The performances of the PRM and PPM were relatively the same for the LogL distribution. One major argument with the PPM is the difficulty of developing models that would account for high variations in the parameters of distributions (Borders & Patterson, 1990). While this statement may be valid for the shape parameters of some distributions, such as the well-known Weibull, it is not application to the LogL function. The models predicting the shape and scale parameters of the LogL explained more than 0.75 (> 75%) of the variation in the parameters for the stands. Thus, both the PRM and PPM could be used for the LogL in the G. arborea and T. grandis stands.

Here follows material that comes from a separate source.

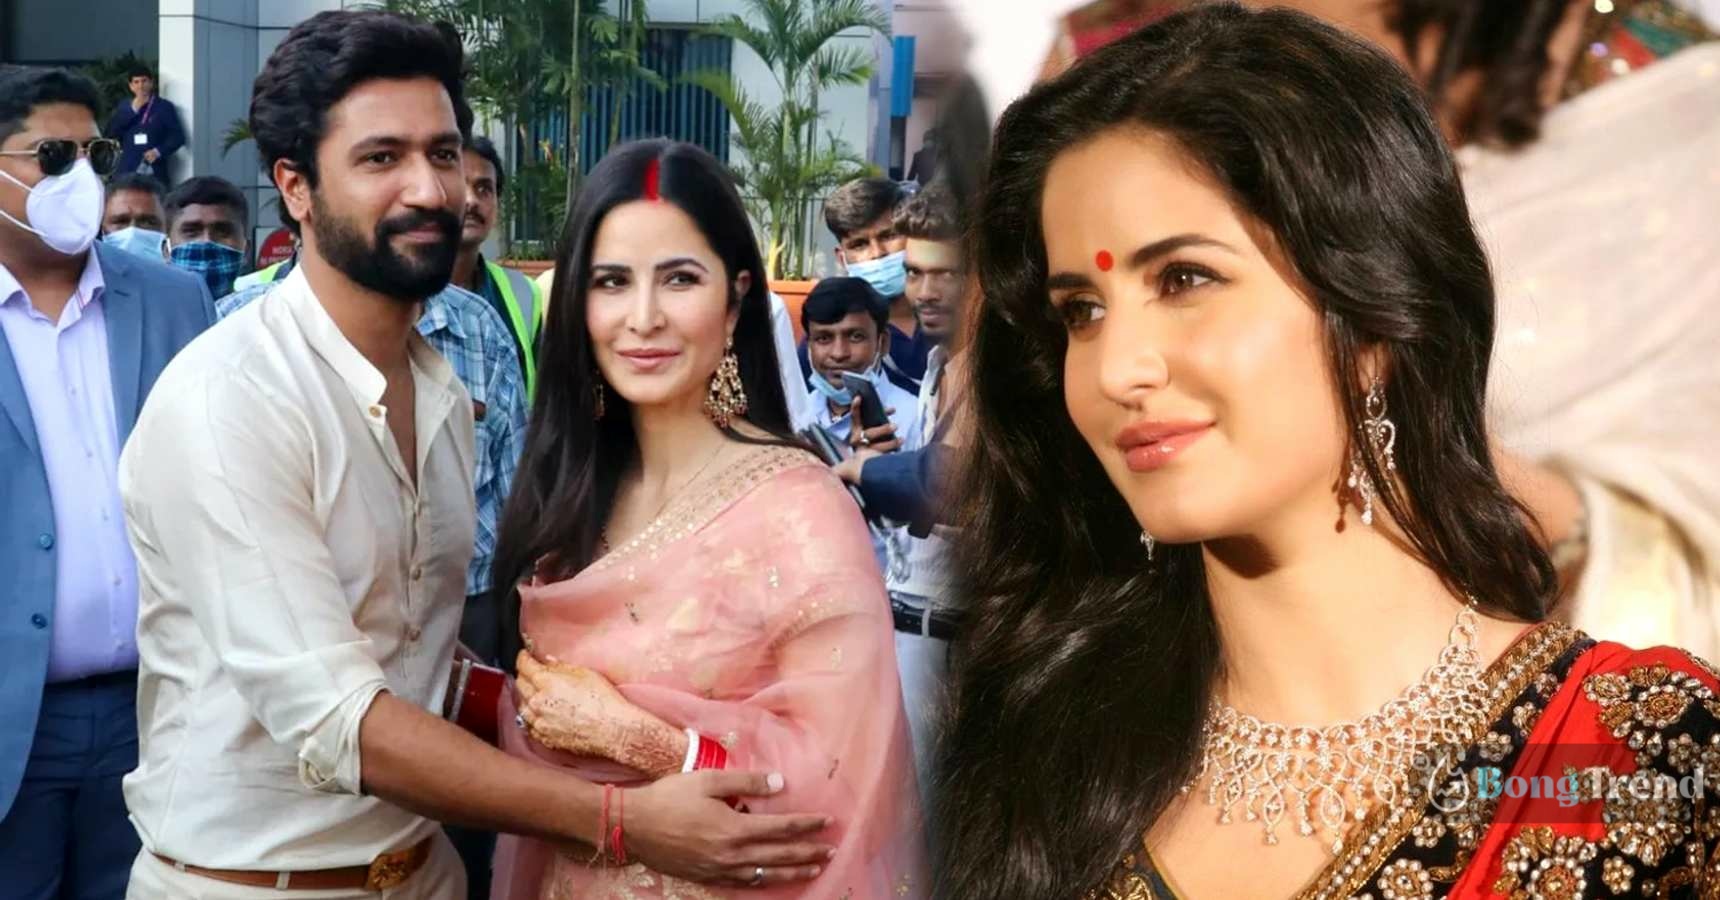 Katrina Kaif will announce pregnency later this year predicts astrologer

Developing a simplified estimation method without compromising the performance of the distribution is germane to forest modelling. The percentile estimator introduced for the Log-Logistic did not compromise the quality of fits of the model across the four forest stands in Nigeria and are comparable to the maximum likelihood estimator. The 25th and 75th, and 40th and 80th were the best sample percentiles for the estimator in the forest stands. The predicted diameter distributions of G. arborea and T. grandis stands from the PRM and PPM were reasonable and compared well with the observed diameter distribution. This implies that both the PRM and PPM can be incorporated into the growth and yield system of forest stand management.